Prior to 1967, green sturgeon adults were able to reach the prime spawning grounds in the Sacramento River above Red Bluff. From 1967 to 1988, however, nearly all green sturgeon adults were blocked at Red Bluff due to the construction and year-round operation of the Red Bluff Diversion Dam. From 1988-2011, the dam became a part-time operation with the underflow gates of the dam being raised for varying amounts of time to allow for free passage of green sturgeon, salmon and steelhead and then lowered to divert water to farmers.

This part-time dam operation meant that early arriving adult green sturgeon on their way to the spawning grounds made it past the dam with the gates raised while later arriving Green Sturgeon were blocked when the gates were lowered and thus the spawning population was split, said Bill Poytress, a fish biologist with the Service’s Red Bluff office.
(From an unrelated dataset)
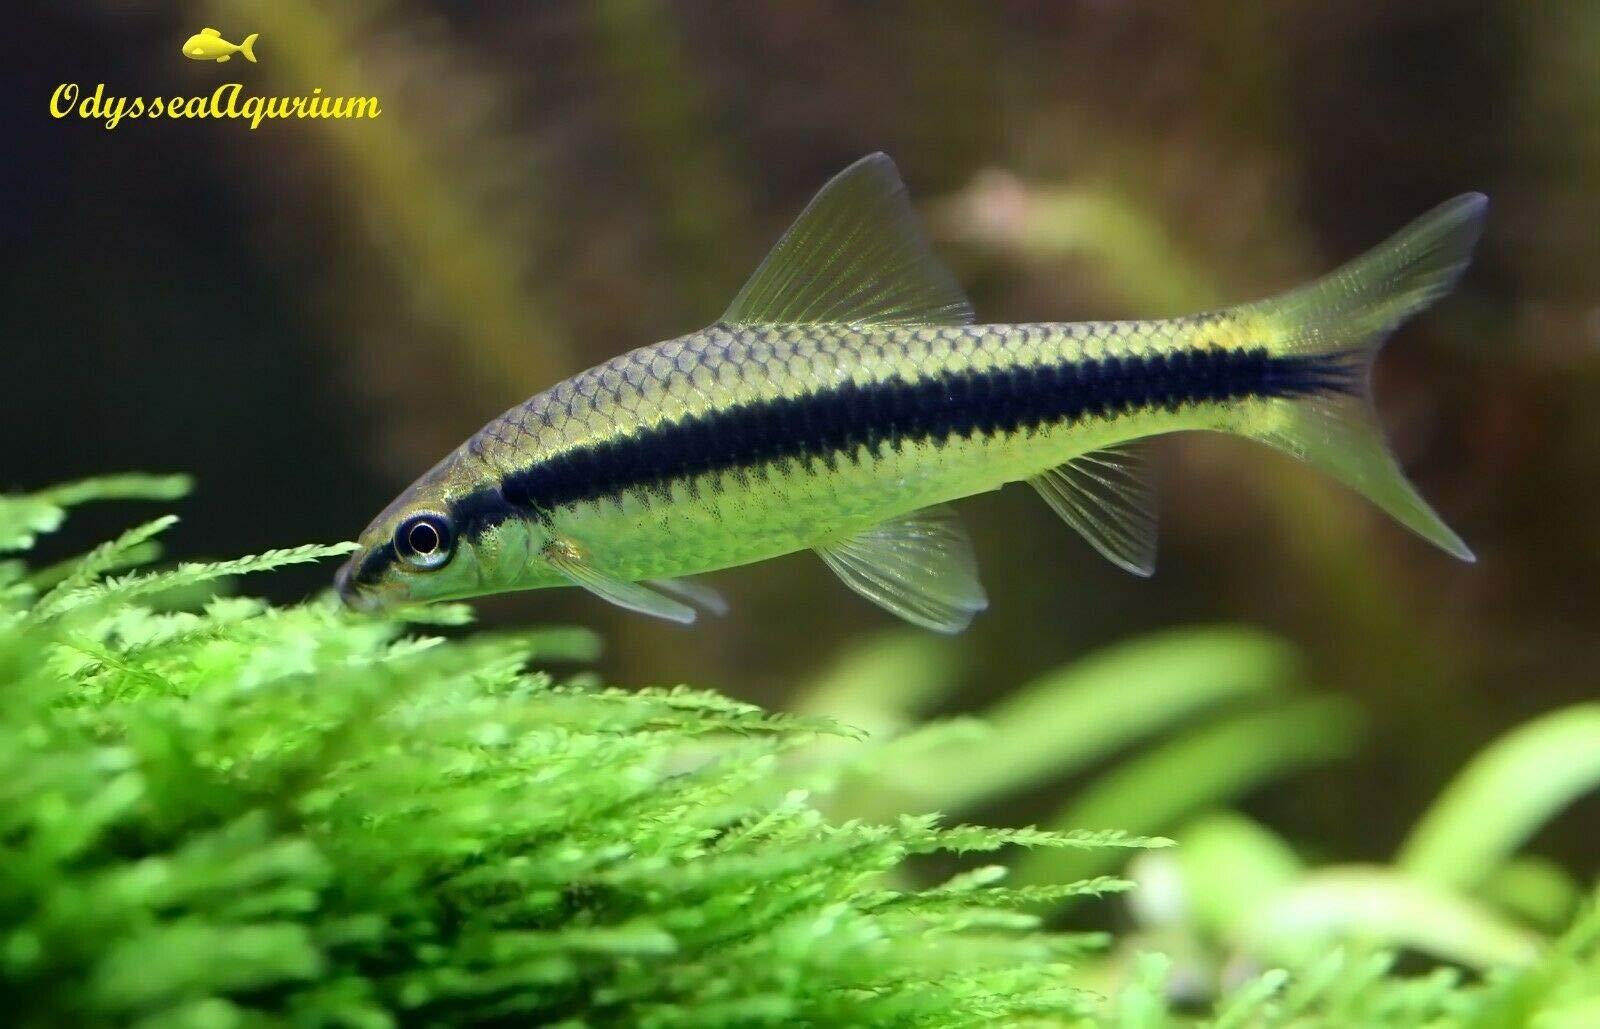 Odysseaaqurium 10 Siamese Algae Eater SAE Golden Algae Eater Freshwater Tropical Aquarium Fish by Odysseaaqurium (Image #1)

USFWS’ Bill Poytress at Red Bluff Diversion Dam. Credit: Steve Martarano/USFWS

During this part-time operation the dam blocked up to 35 percent of green sturgeon and also delayed an estimated 15 percent of winter-run salmon and 70 percent of spring-run salmon from their upstream migration to their prime spawning grounds. Beginning in 2012, the gates were raised permanently, allowing for free passage of all fish after a new water pumping plant with juvenile fish screens was built to deliver water to farmers.

“We’re now starting to see the effects to green sturgeon because of those actions,” Poytress said.

Heublein agrees that raising the gates should be a factor to improved abundance moving forward, and he attributed the recent increases to catch restrictions and increased 2016 precipitation, which increased flows on the Sacramento River. He said that permanently raising the diversion dam gates meant some of the larvae captured in the screw traps in 2016 may have been produced in areas that were historically inundated by Lake Red Bluff and inaccessible to spawning sturgeon.

What does the recent data mean for long-term prospects for green sturgeon?

“Given that it takes sturgeon 15-plus years to mature, I don’t think we’ll see a significant effect from the year round raising of the Red Bluff Diversion Dam gates on the adult green sturgeon population for another 10 more years,” Heublein said.


Steve Martarano is the public affairs officer for the San Francisco Bay-Delta Fish and Wildlife Office located in Sacramento, Calif.